No, mi vida y mi muerte me pertenecen. Lo que haya después sólo Dios lo sabe, que, de existir, estoy seguro no es un ser supersticioso ni un loco absurdo sino todo lo contrario: el Ser más lógico del Universo en cuanto que conoce todos los secretos, misterios para nosotros mientras sigamos sin poder comprender más que la realidad imperfecta y fragmentaria debido a nuestras limitaciones intelectuales, lo cual hará que sigamos amando el Enigma hasta el último suspiro.
Por ello, el tabú al suicidio hay que interpretarlo como una más de las manifestaciones ancestrales de la religión natural (que nos llega ahora en forma de cristianismo) que emana de la propia naturaleza, una naturaleza cuyo férreo instinto de supervivencia nos marca prohibiciones en lo más profundo de nuestro ser con el objeto de preservar la vida. De la misma forma que estableció la atracción natural entre los sexos haciendo que el macho anhelara a la hembra y la hembra al macho para la propagación de la especie, así también estableció el instinto de la lucha por la propia vida hasta límites absurdos. Más tarde este instinto se institucionalizaría en dogma. Sólo por esta razón afirmo que toda la civilización grecorromana es superior a la judeocristiana.

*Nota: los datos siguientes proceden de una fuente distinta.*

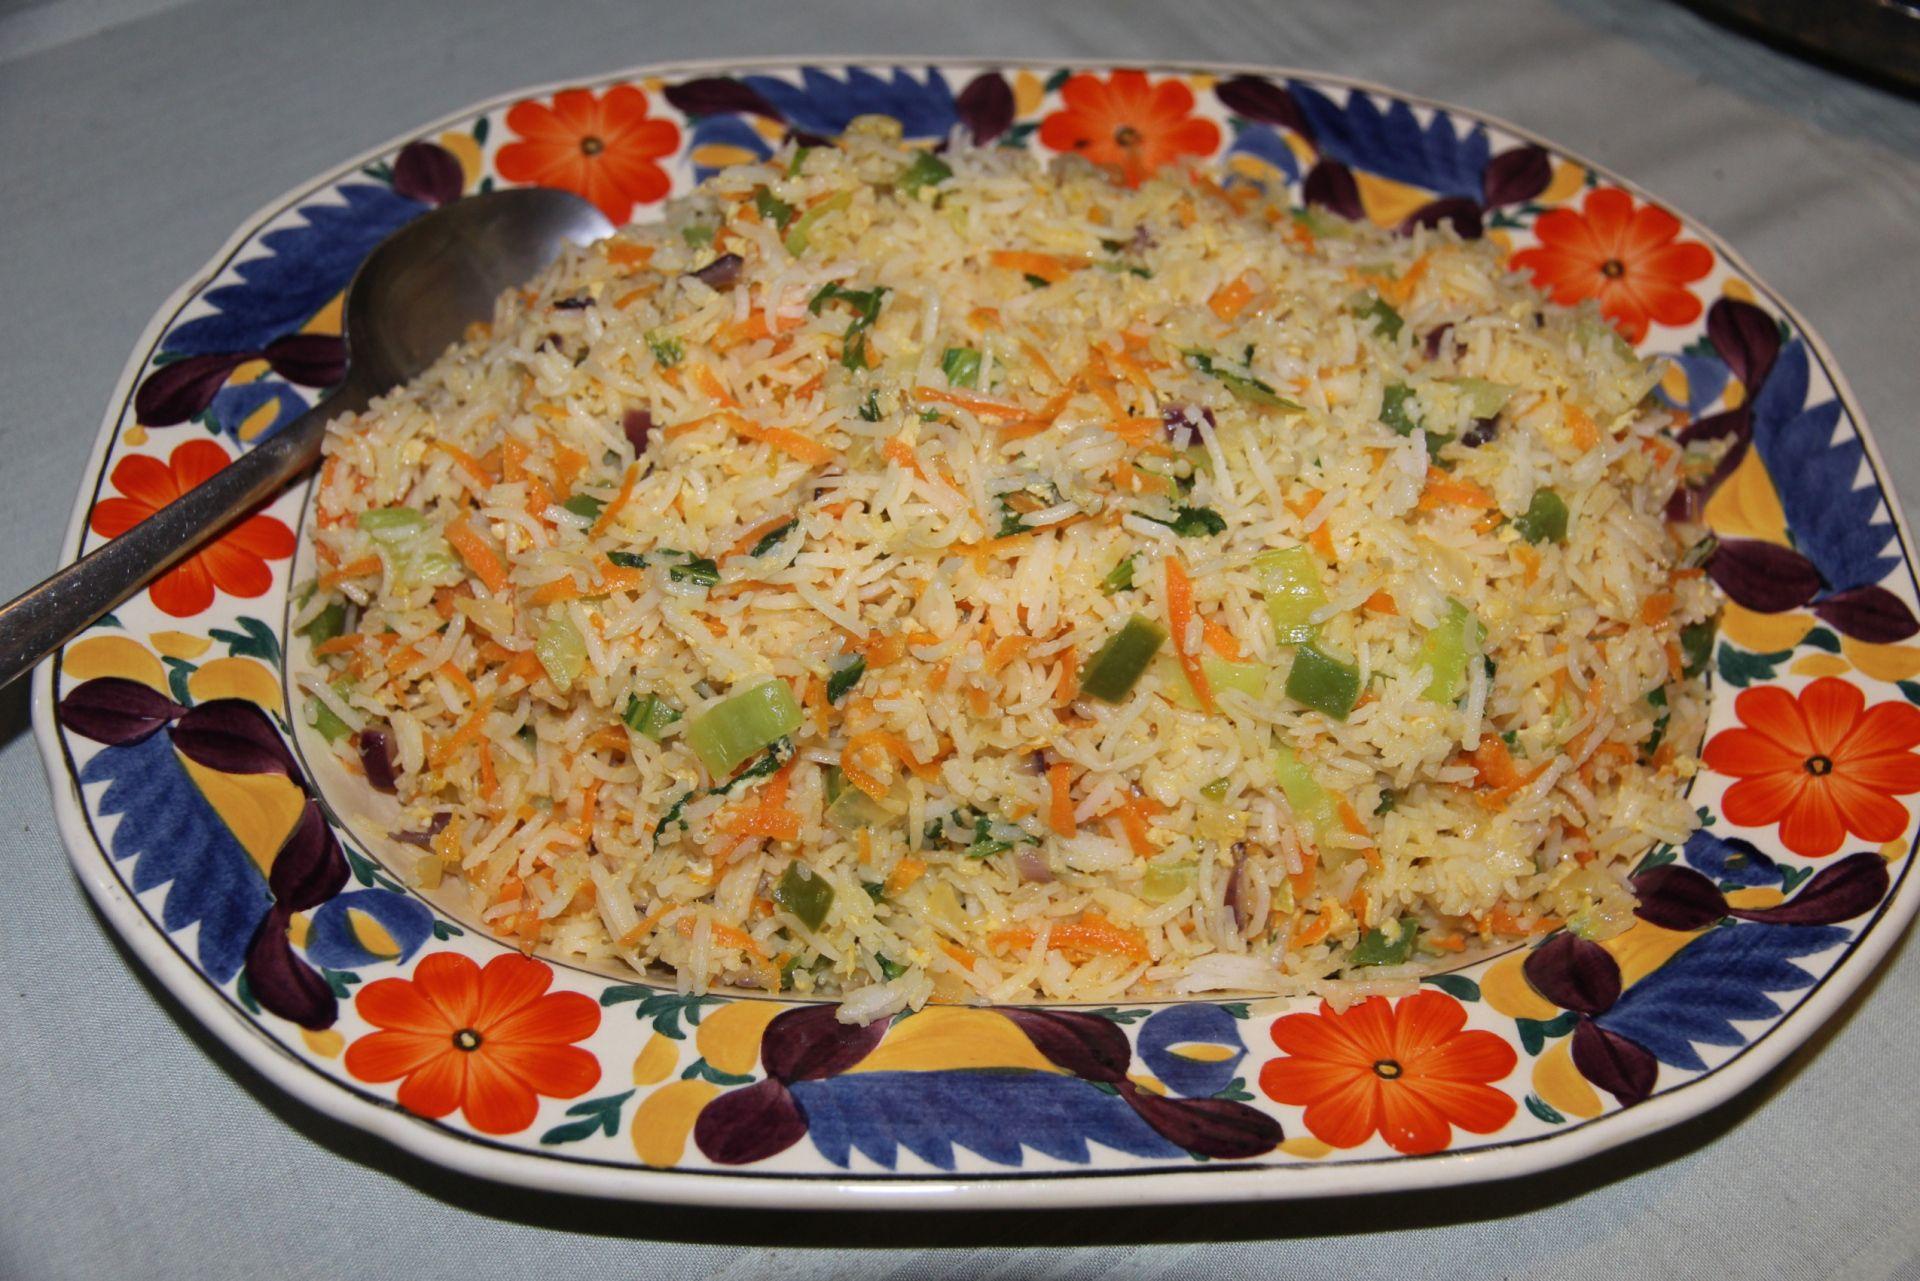 Fried rice ghana fried rice ghana and rice fried rice ghana easy ccuart Gallery

La primera es una superación del estado natural, la segunda es una línea de continuidad desde los tiempos primitivos del Edén hasta nuestros días. La primera es fruto de la razón humana, la segunda del instinto dogmatizado. La primera es la constructora de Babel, la segunda su destructora.
Pero yo no deseo seguir viviendo. No deseo seguir luchando. Quiero darle al instinto una patada en el trasero y despreciar miles de años de un comportamiento grabado a fuego en nuestros genes. Mi conciencia ha vencido al impulso atávico ciego, y mi voluntad también. Soy más fuerte y ahora lo voy a demostrar.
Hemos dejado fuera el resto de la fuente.